Description of the task:
Give the data back exactly. Leave out any images.

Collected material:
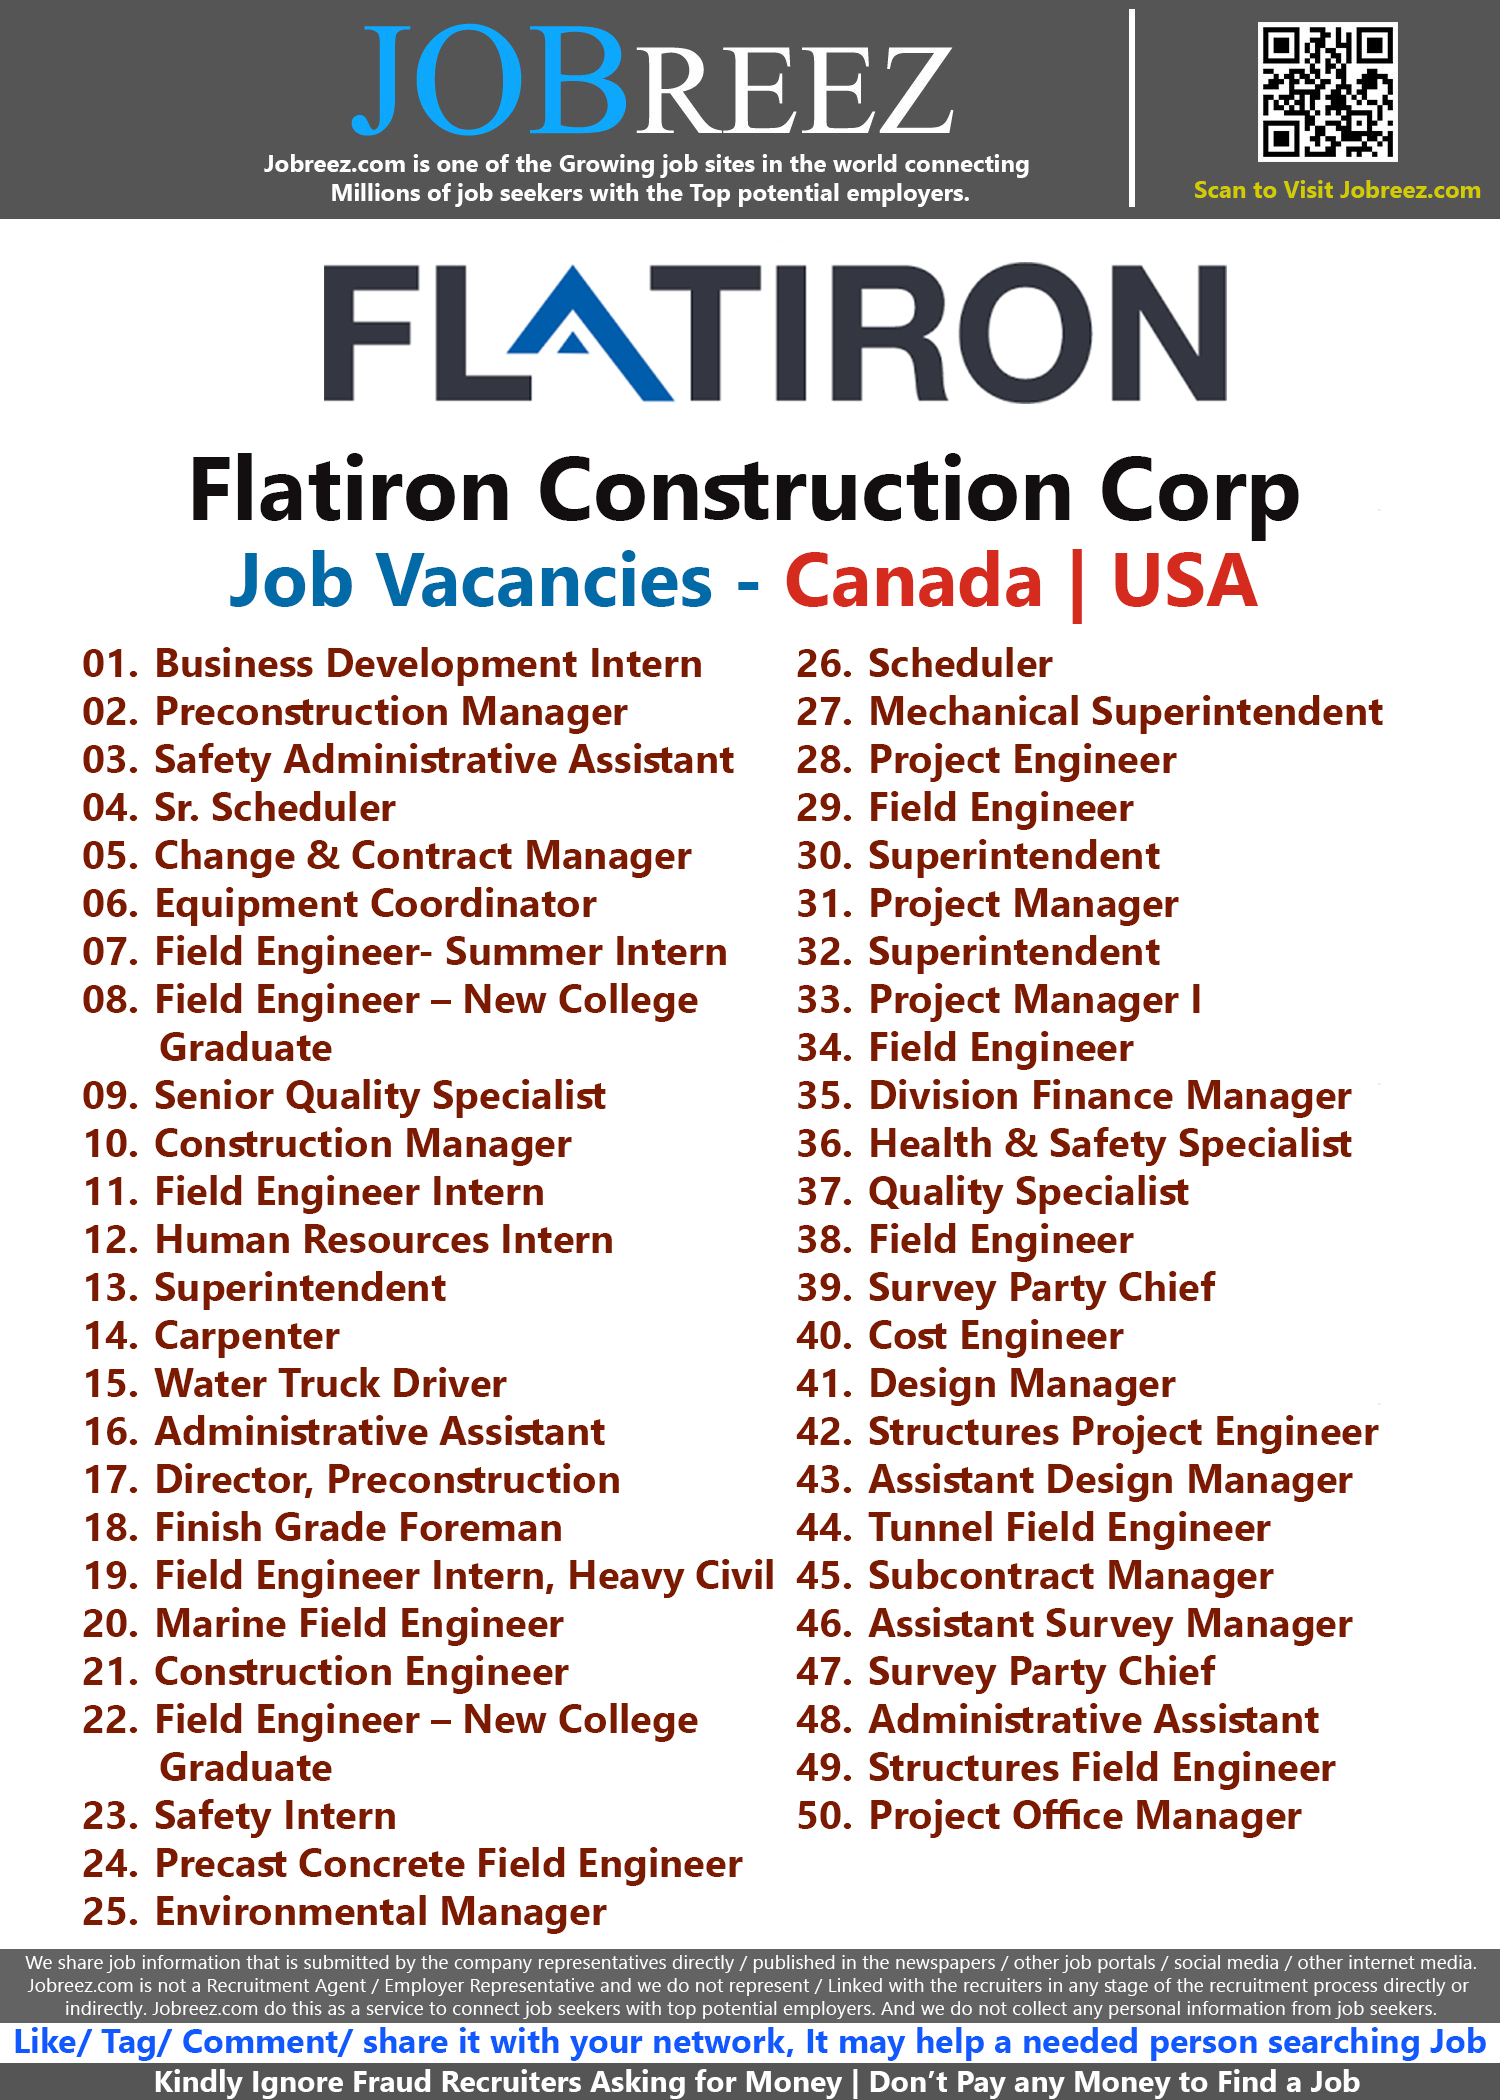 Flatiron Construction Corp Job Vacancies - Canada | USA
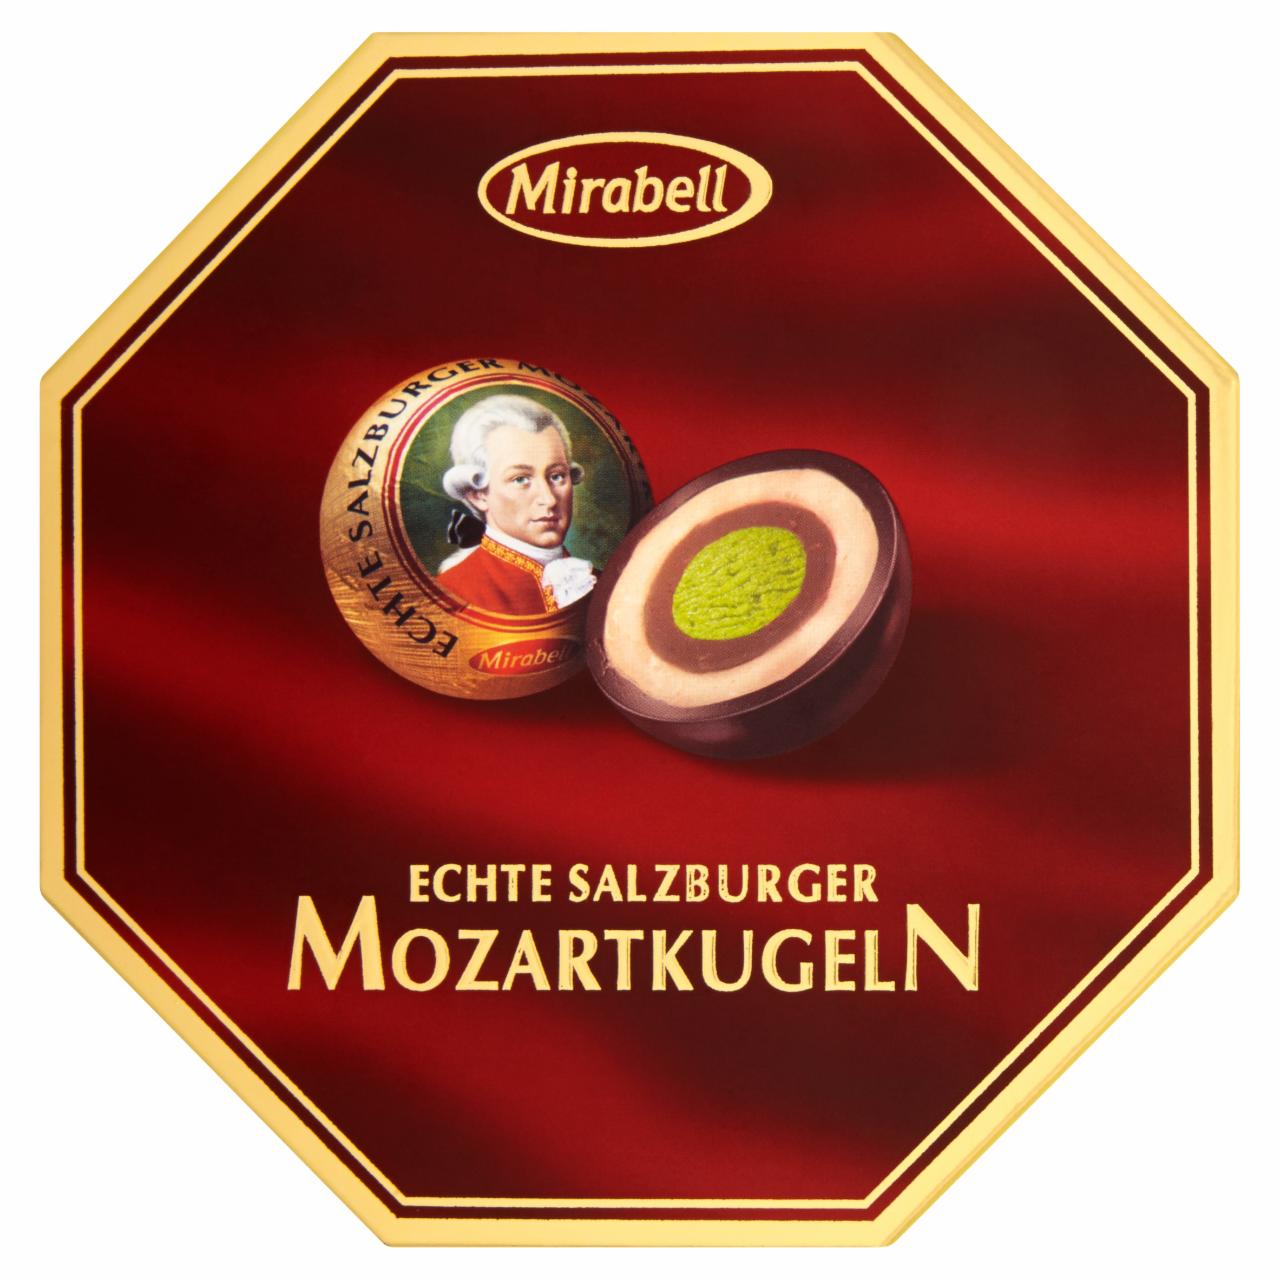 Képek - Mirabell Mozartkugeln étcsokoládé világos és sötét mogyoróskrém és marcipán töltelékkel 100 g
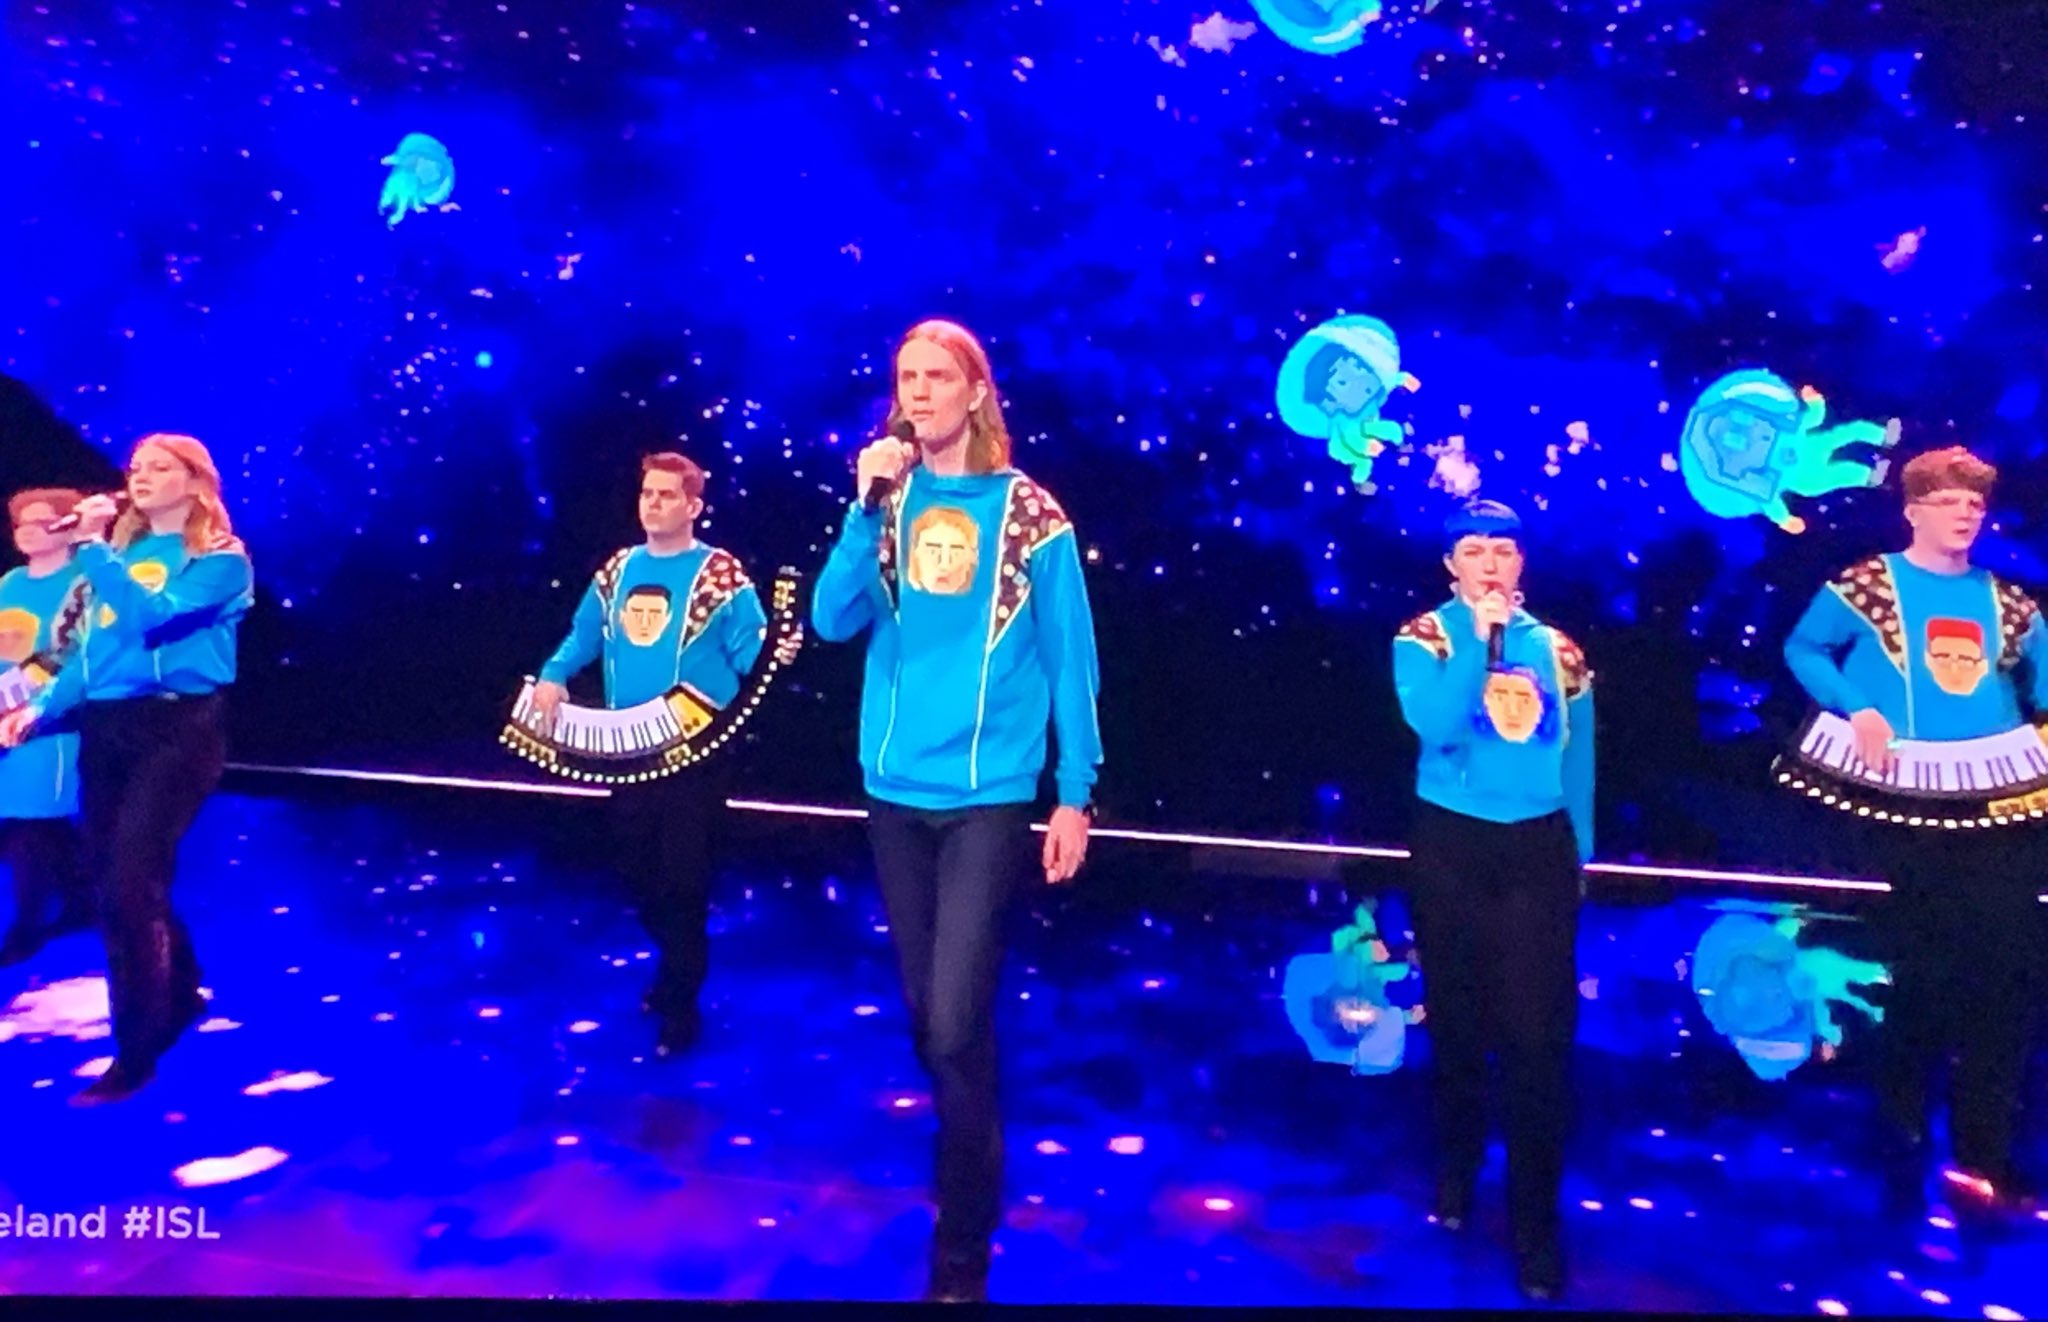 Twitter 上的 𝖸𝗈 𝖮𝗄𝖺𝖽𝖺 アイスランド 年の代表だったグループ 自分の似顔絵のセーター来てるじゃん めっちゃ好き Isl Eurovision Eurovision21 ユーロビジョン T Co Arjeifv3q2 Twitter

Answer to this task:
 Flatiron Construction Corp Job Vacancies - Canada | USA
 Képek - Mirabell Mozartkugeln étcsokoládé világos és sötét mogyoróskrém és marcipán töltelékkel 100 g
 Twitter 上的 𝖸𝗈 𝖮𝗄𝖺𝖽𝖺 アイスランド 年の代表だったグループ 自分の似顔絵のセーター来てるじゃん めっちゃ好き Isl Eurovision Eurovision21 ユーロビジョン T Co Arjeifv3q2 Twitter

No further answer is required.